◆ **Task requirements**: Please retype the listing below exactly as it stands, skipping any pictures.

◆ **Provided material**:
───

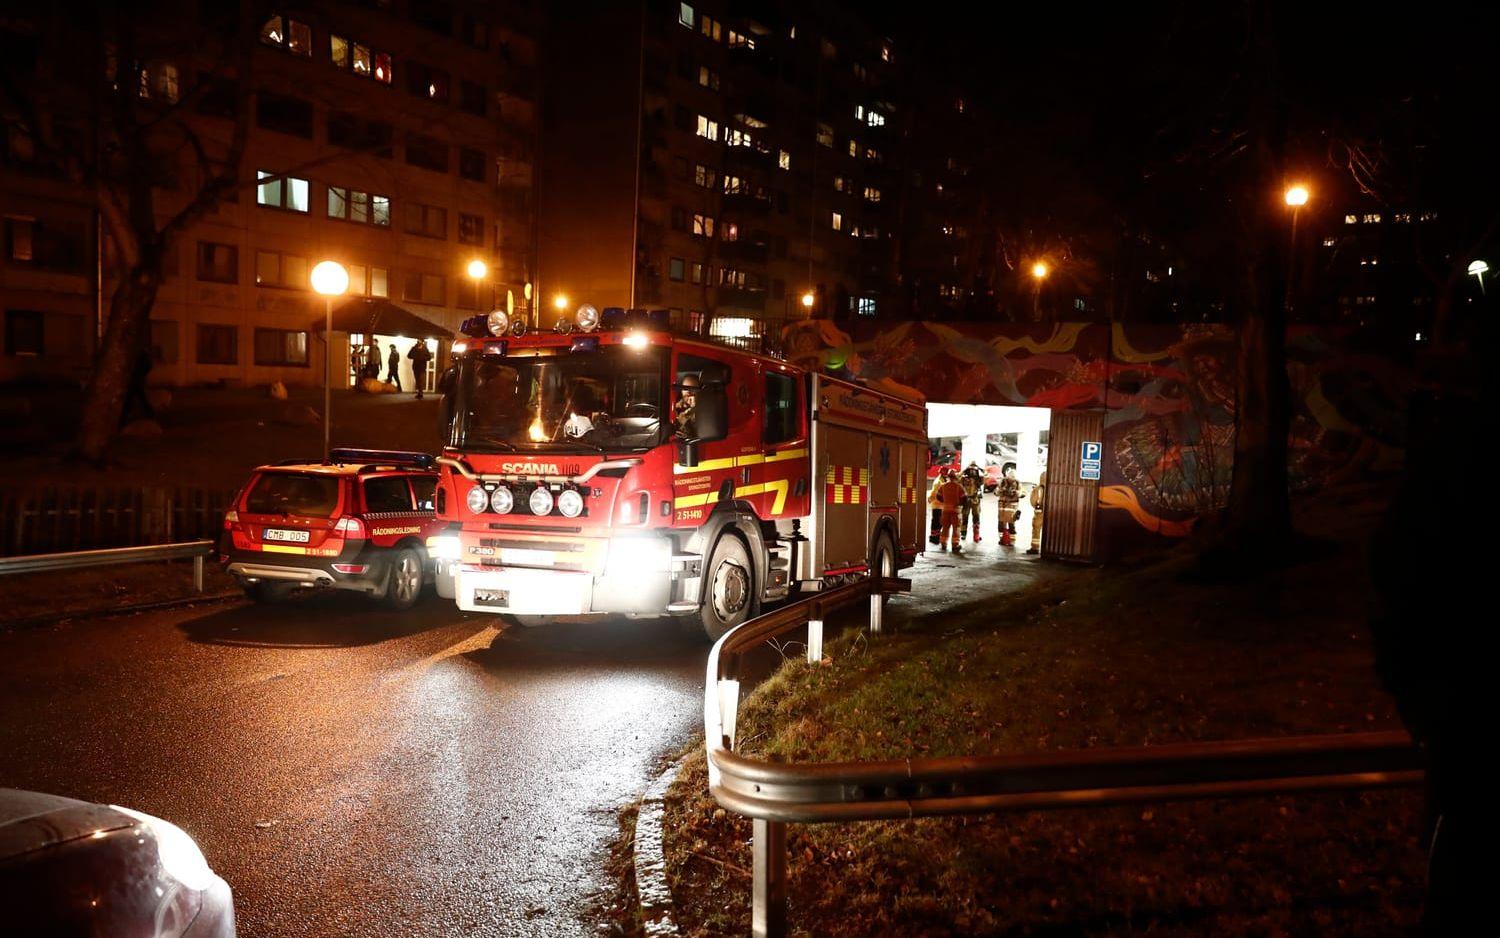 Polis och räddningstjänst på plats i Hammarkullen i Göteborg efter oroligheter och en bilbrand.  Bild: GP
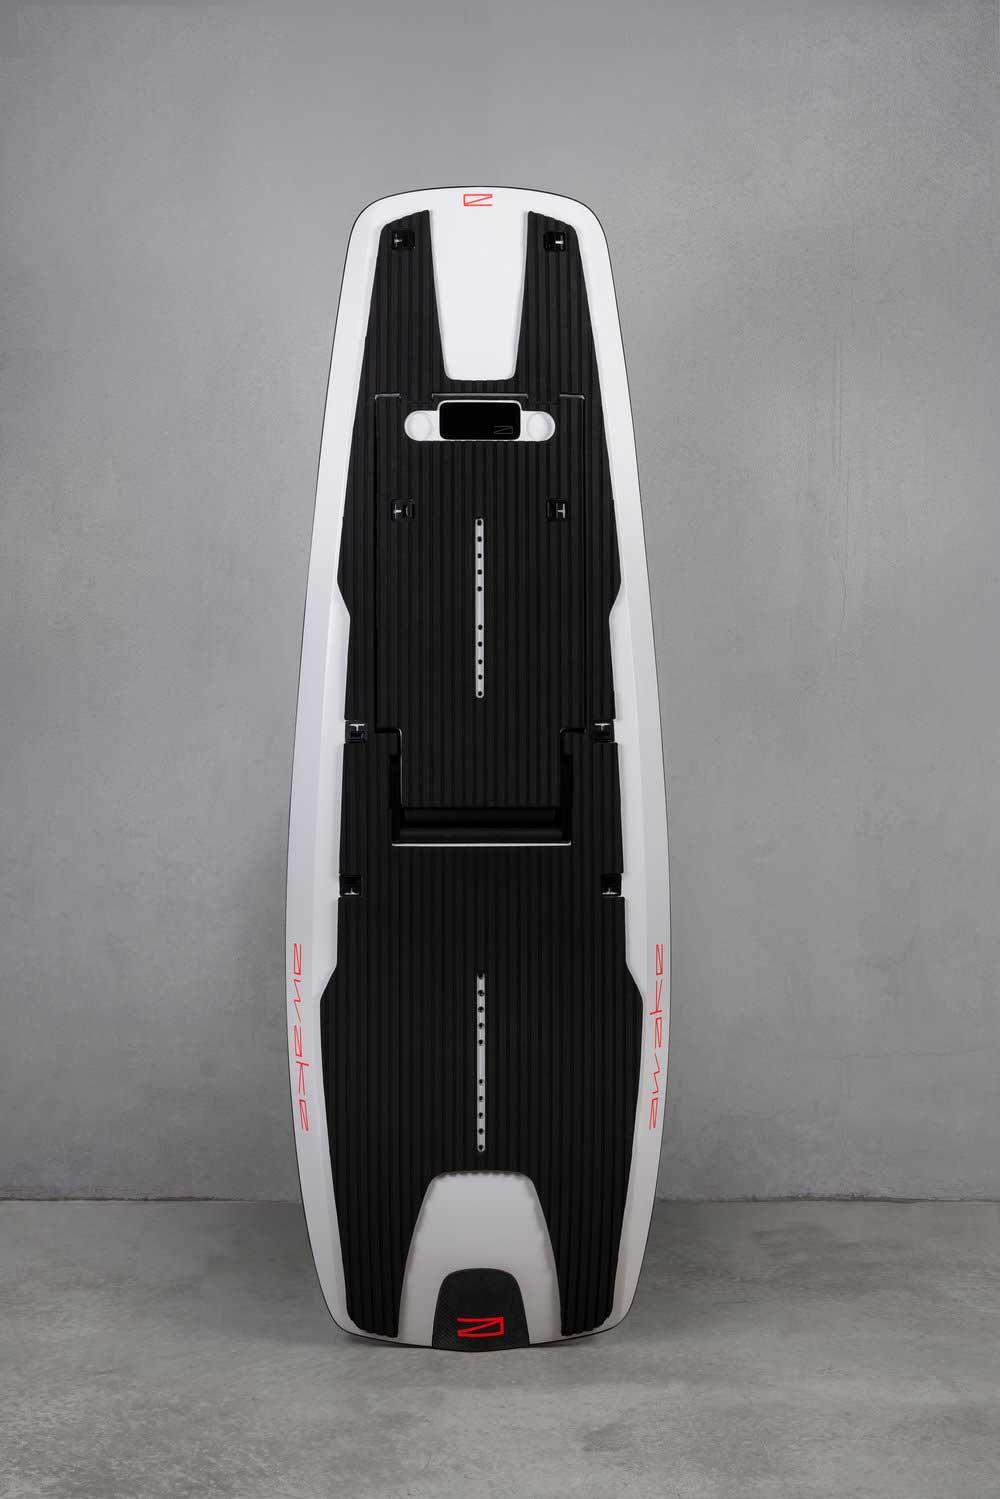 Met deze elektrische surfplank kun je surfen over iedere plas water, zonder dat je er golven of wind voor nodig hebt. En da's best geinig.
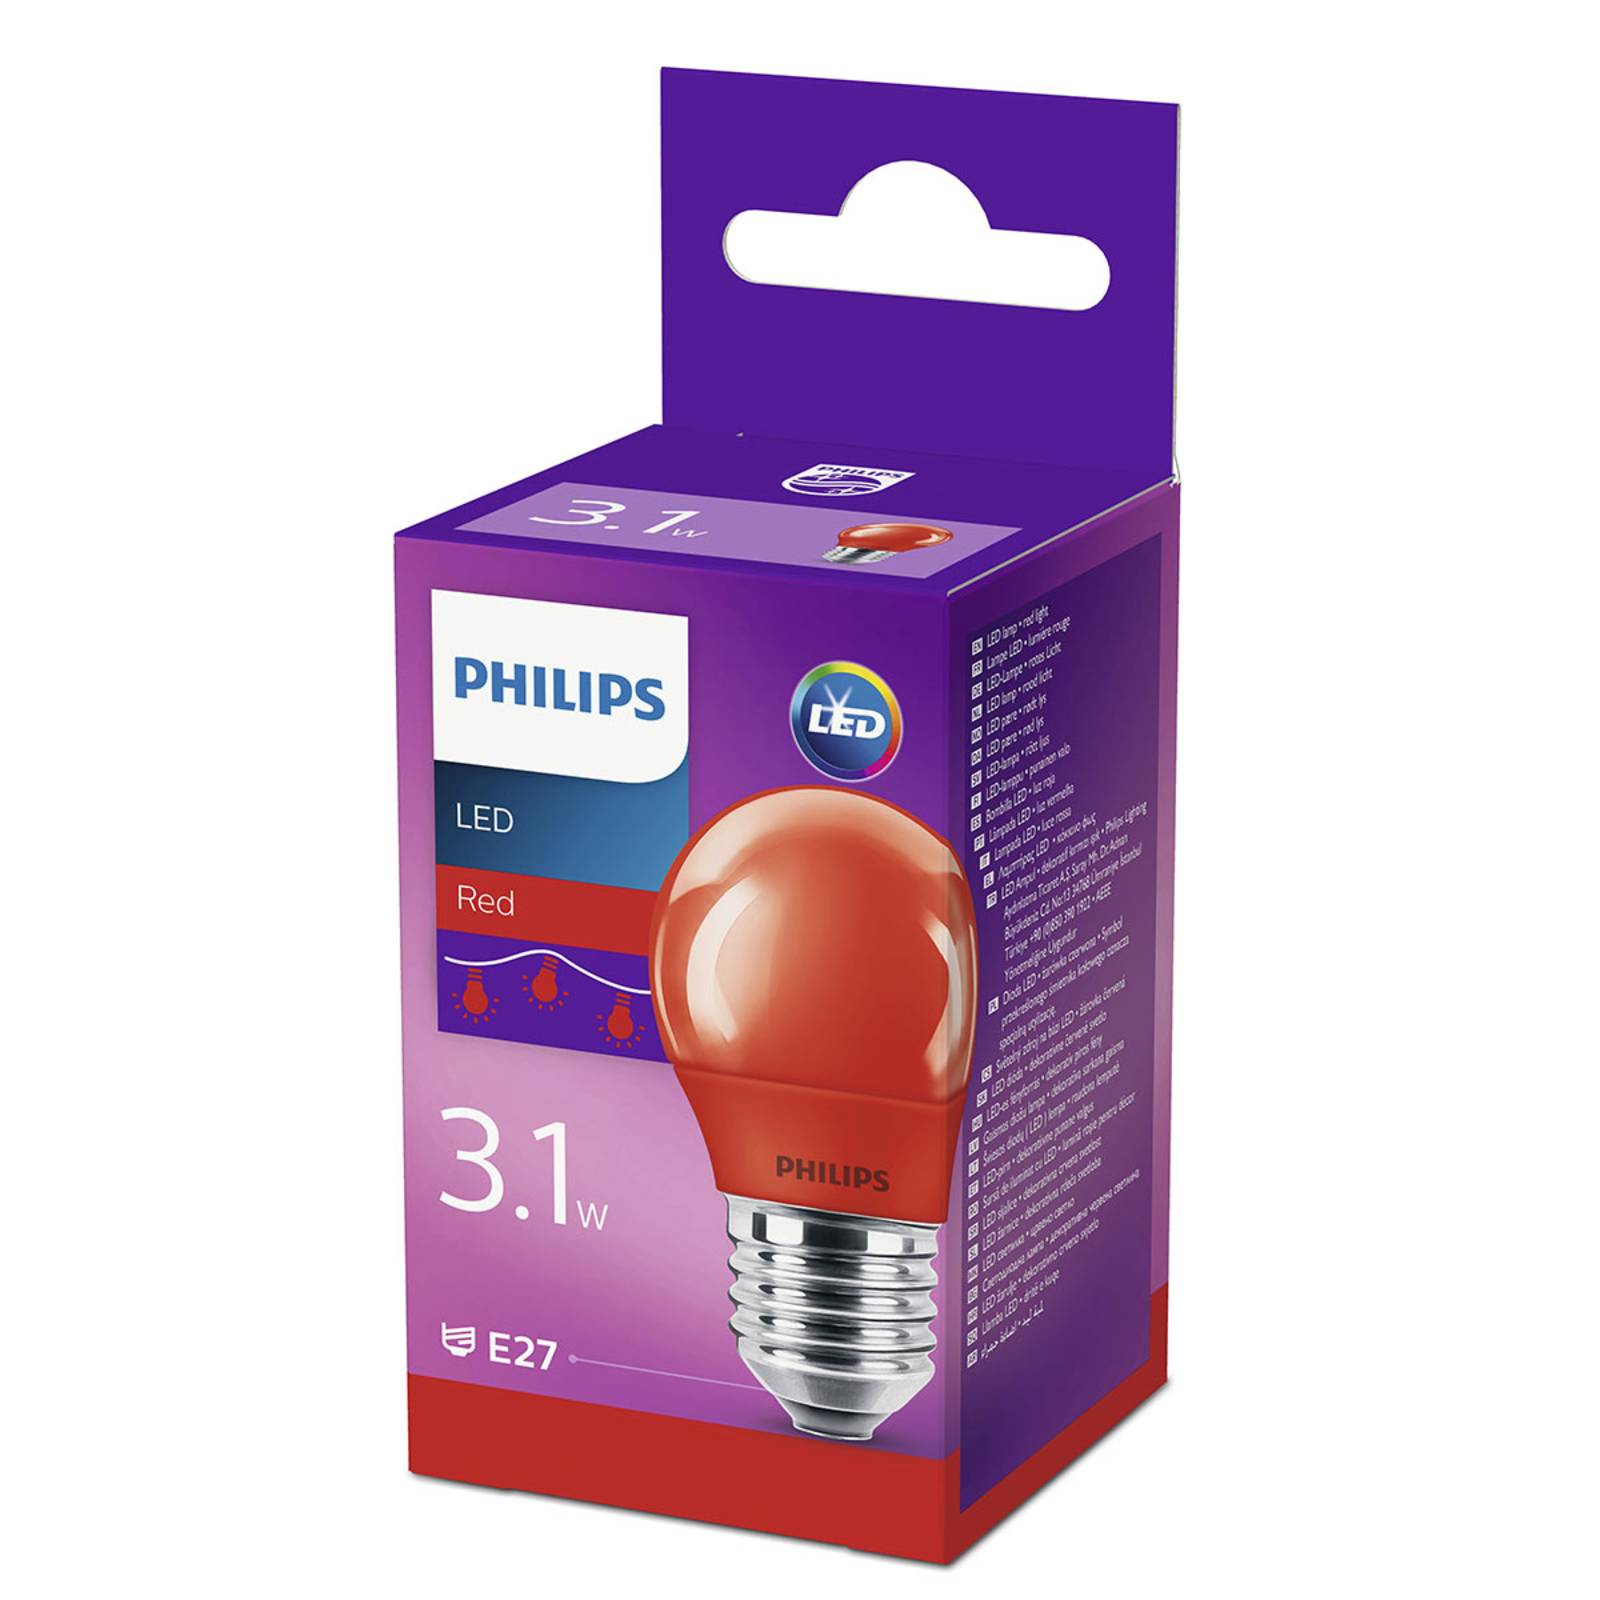 Zdjęcia - Żarówka Philips  LED E27 P45 3,1W, czerwona

───

◆ **Exercise output**:
 Polis och räddningstjänst på plats i Hammarkullen i Göteborg efter oroligheter och en bilbrand.  Bild: GP
 Met deze elektrische surfplank kun je surfen over iedere plas water, zonder dat je er golven of wind voor nodig hebt. En da's best geinig.
 Zdjęcia - Żarówka Philips  LED E27 P45 3,1W, czerwona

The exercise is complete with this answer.